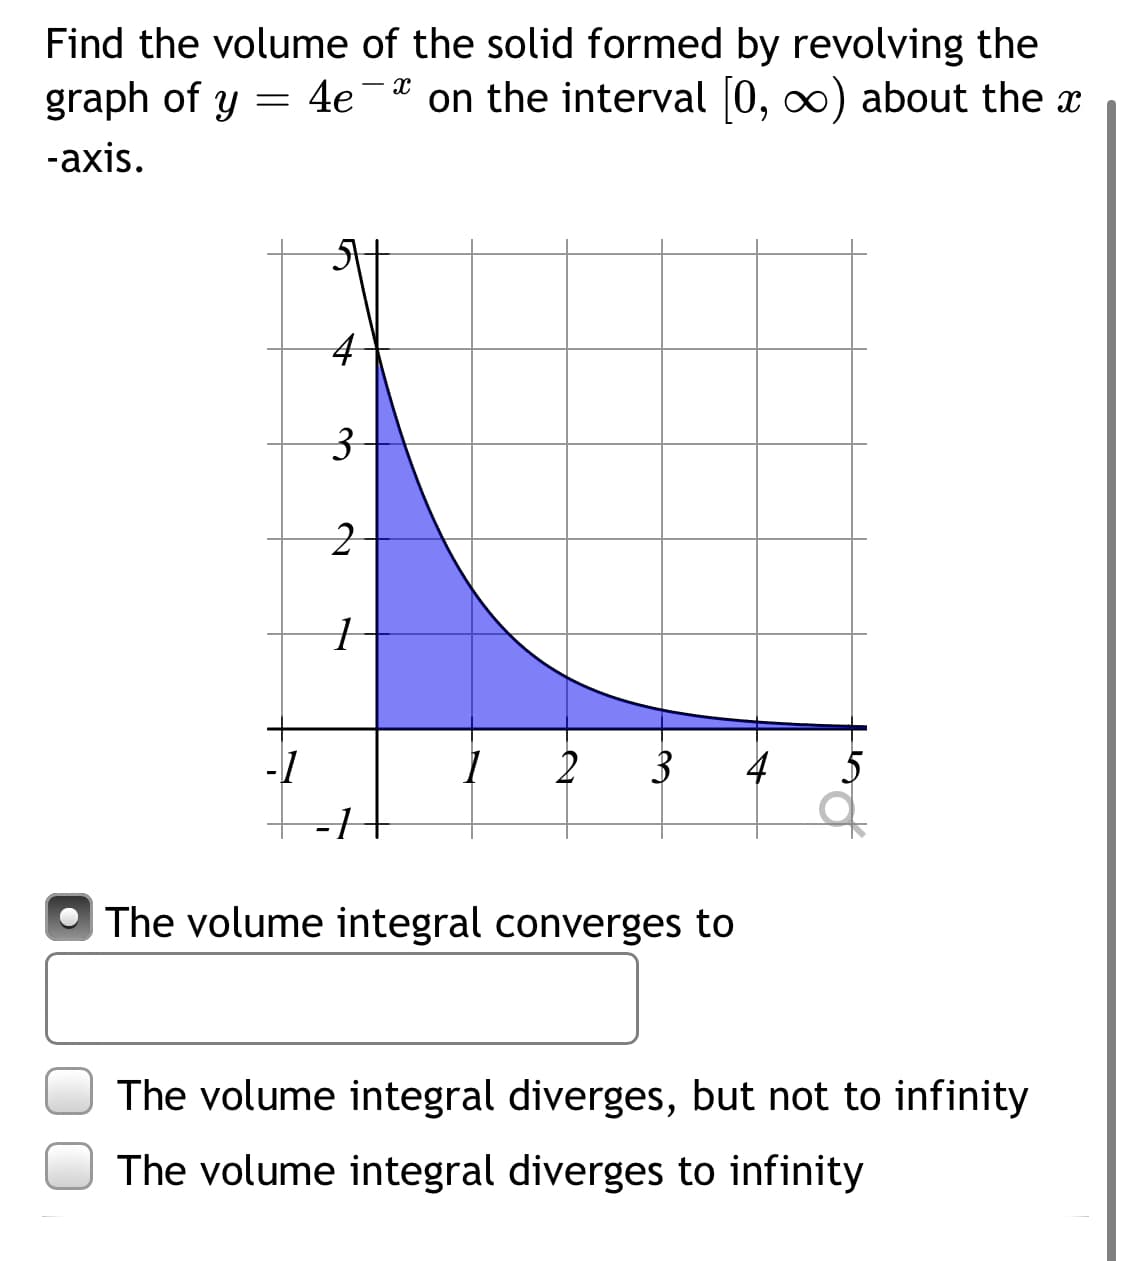 Find the volume of the solid formed by revolving the
graph of y = 4e-* on the interval 0, o) about the x
-axis.
3
-1
2
3
4
5
The volume integral converges to
The volume integral diverges, but not to infinity
The volume integral diverges to infinity

**ABOUT THIS TASK**: Pictures aside, the material must be written out word for word.

**ANSWER SPACE**:
 Find the volume of the solid formed by revolving the
graph of y = 4e-* on the interval 0, o) about the x
-axis.
3
-1
2
3
4
5
The volume integral converges to
The volume integral diverges, but not to infinity
The volume integral diverges to infinity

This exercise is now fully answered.